当前位置: X-MOL 学术Int. J. Intell. Syst. › 论文详情
Our official English website, www.x-mol.net, welcomes your feedback! (Note: you will need to create a separate account there.)
A fuzzy data augmentation technique to improve regularisation
International Journal of Intelligent Systems ( IF 7 ) Pub Date : 2021-11-08 , DOI: 10.1002/int.22731
Rukshima Dabare 1, 2 , Kok Wai Wong 1 , Mohd Fairuz Shiratuddin 1 , Polychronis Koutsakis 1

Deep learning (DL) has achieved superior classification in many applications due to its capability of extracting features from the data.
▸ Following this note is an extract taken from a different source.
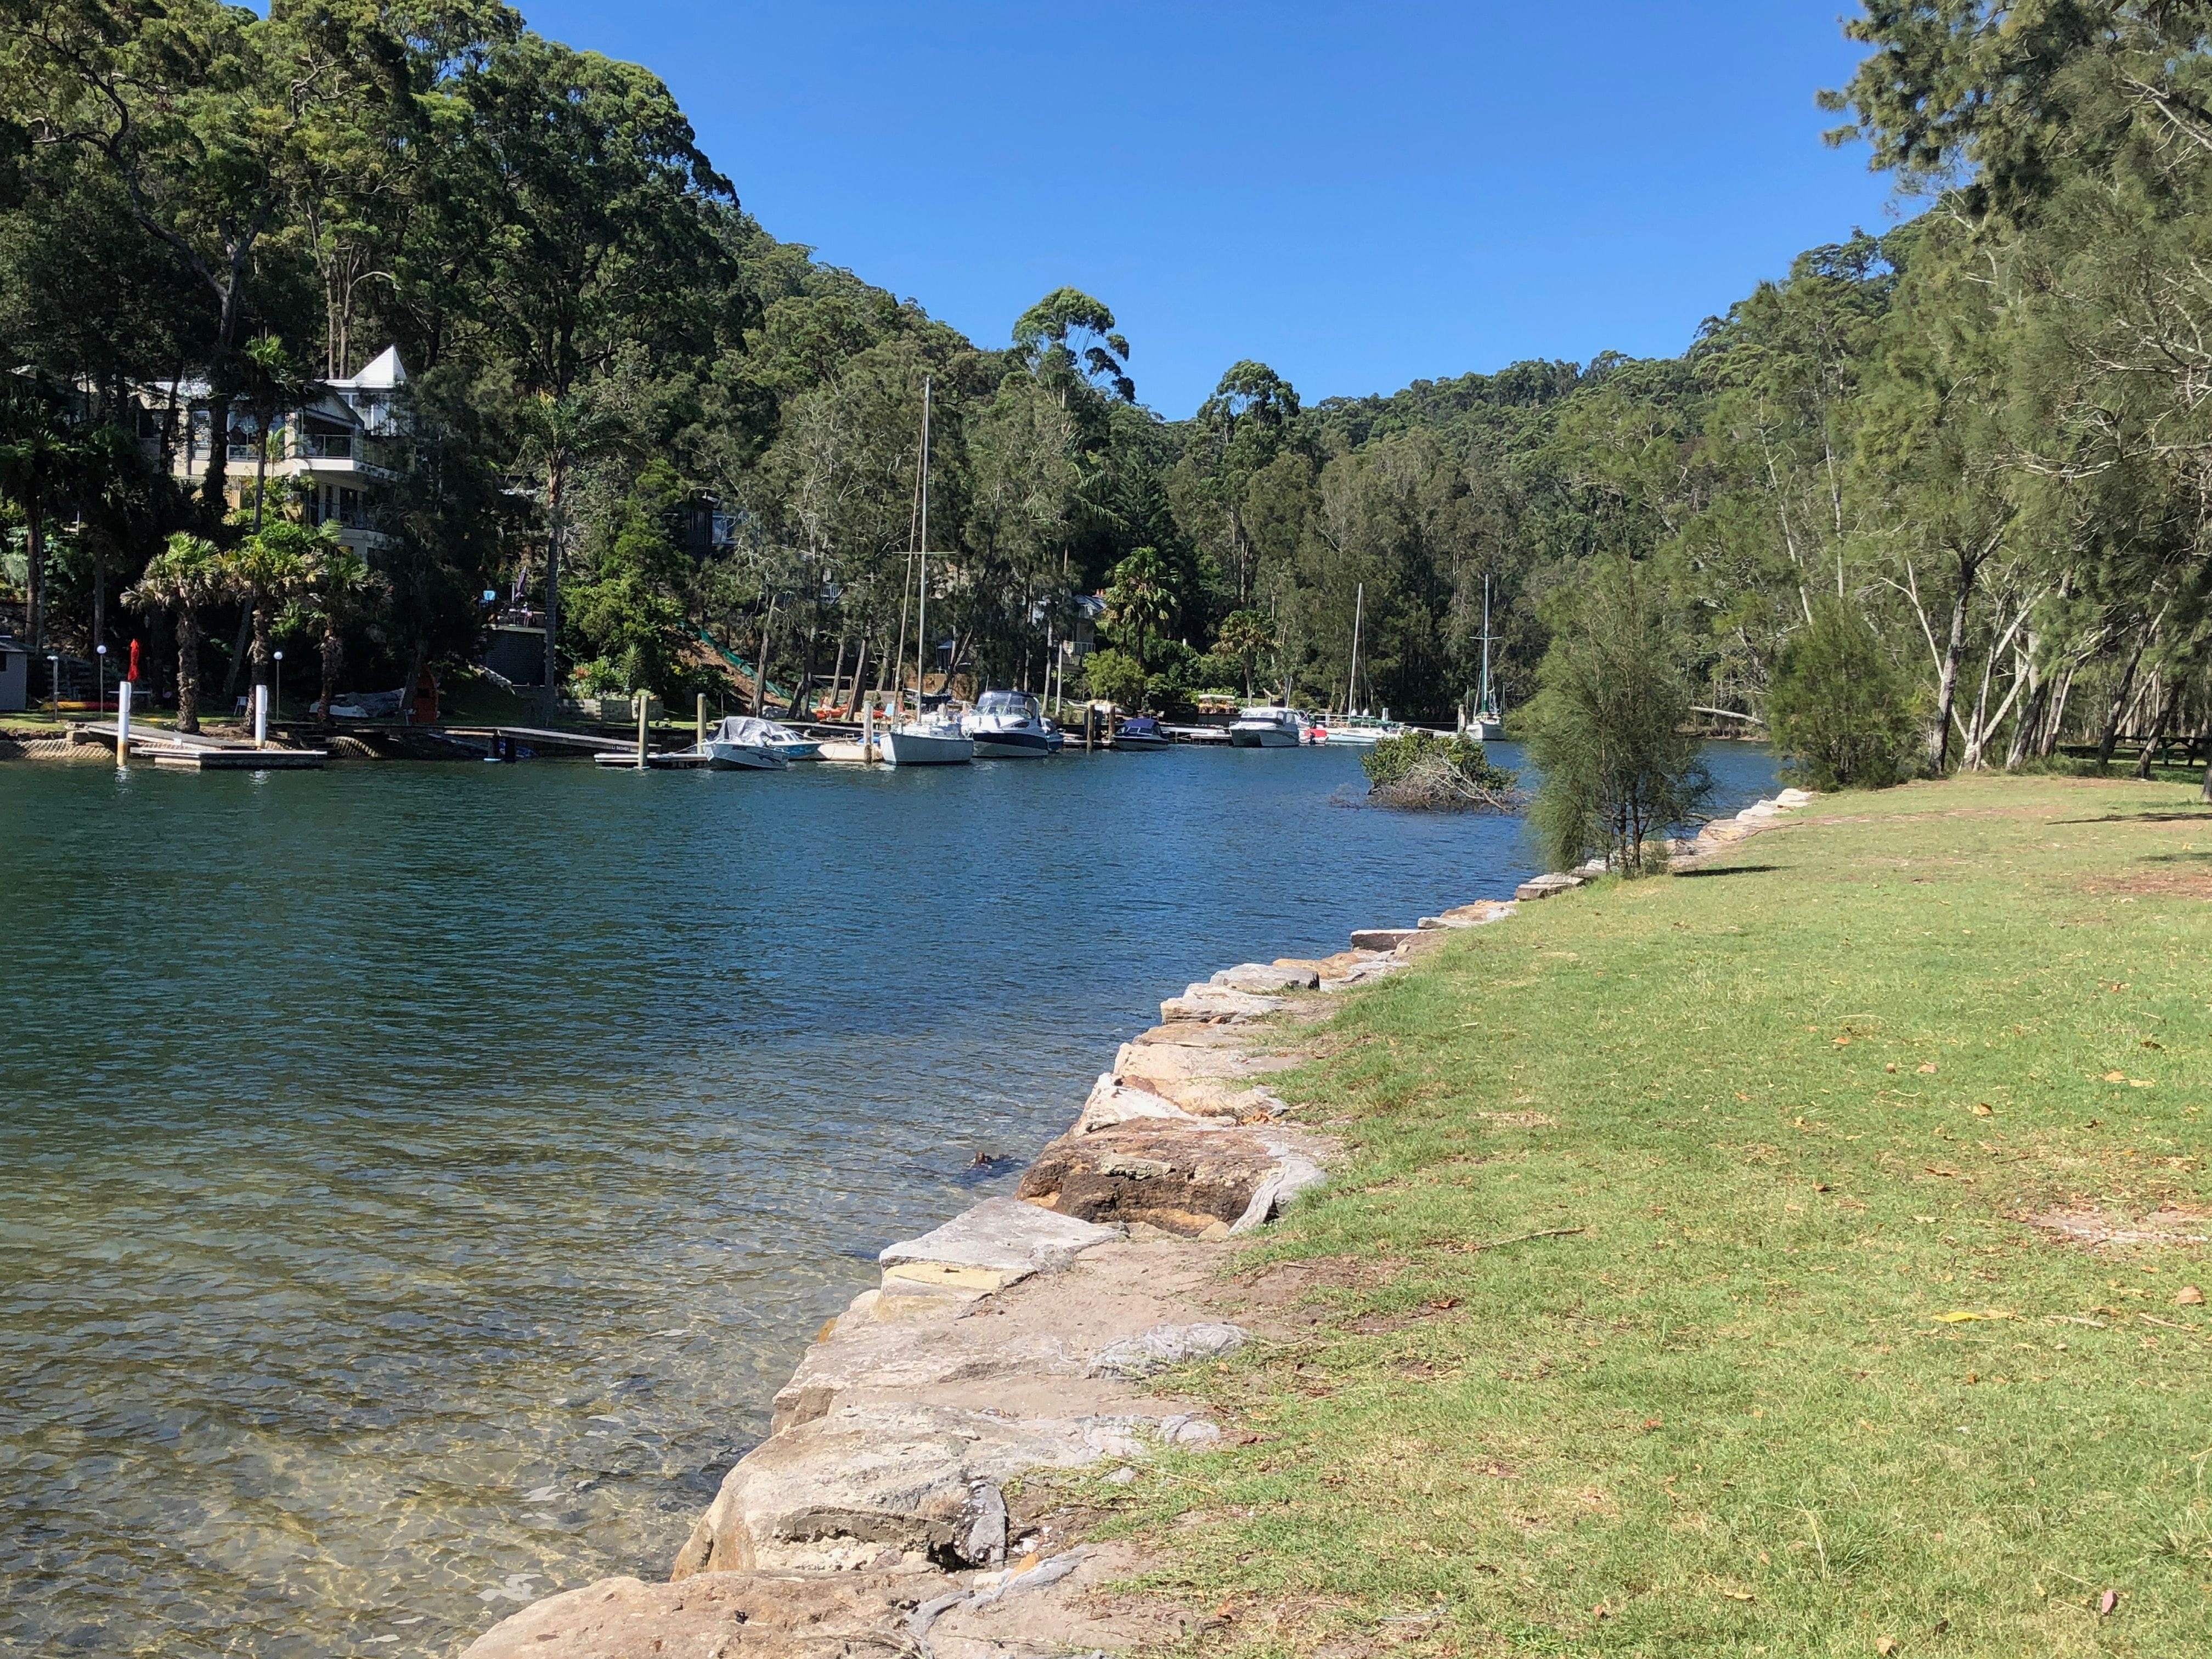 Northern Beaches Public Day Tour febuary 2019 Image -5c649617616db

However, the success of DL comes with the tradeoff of possible overfitting. The bias towards the data it has seen during the training process leads to poor generalisation. One way of solving this issue is by having enough training data so that the classifier is invariant to many data patterns. In the literature, data augmentation has been used as a type of regularisation method to reduce the chance for the model to overfit. However, most of the relevant works focus on image, sound or text data. There is not much work on numerical data augmentation, although many real-world problems deal with numerical data. In this paper, we propose using a technique based on Fuzzy C-Means clustering and fuzzy membership grades. Fuzzy-related techniques are used to address the variance problem by generating new data items based on fuzzy numbers and each data item's belongings to different fuzzy clusters. This data augmentation technique is used to improve the generalisation of a Deep Neural Network that is suitable for numerical data. By combining the proposed fuzzy data augmentation technique with the Dropout regularisation technique, we manage to balance the classification model's bias-variance tradeoff. Our proposed technique is evaluated using four popular data sets and is shown to provide better regularisation and higher classification accuracy compared with popular regularisation approaches.



深度学习 (DL) 由于能够从数据中提取特征,因此在许多应用中实现了卓越的分类。然而,DL 的成功伴随着可能的过度拟合的权衡。对训练过程中看到的数据的偏见导致泛化能力差。解决此问题的一种方法是拥有足够的训练数据,以便分类器对许多数据模式保持不变。在文献中,数据增强已被用作一种正则化方法,以减少模型过拟合的机会。然而,大多数相关工作都集中在图像、声音或文本数据上。尽管许多现实世界的问题都涉及数值数据,但在数值数据增强方面的工作并不多。在本文中,我们建议使用基于 Fuzzy C的技术- 表示聚类和模糊成员等级。模糊相关技术用于通过基于模糊数生成新数据项以及每个数据项属于不同的模糊聚类来解决方差问题。这种数据增强技术用于改进适用于数值数据的深度神经网络的泛化能力。通过将所提出的模糊数据增强技术与 Dropout 正则化技术相结合,我们设法平衡了分类模型的偏差-方差权衡。我们提出的技术使用四个流行的数据集进行评估,与流行的正则化方法相比,它显示出提供更好的正则化和更高的分类精度。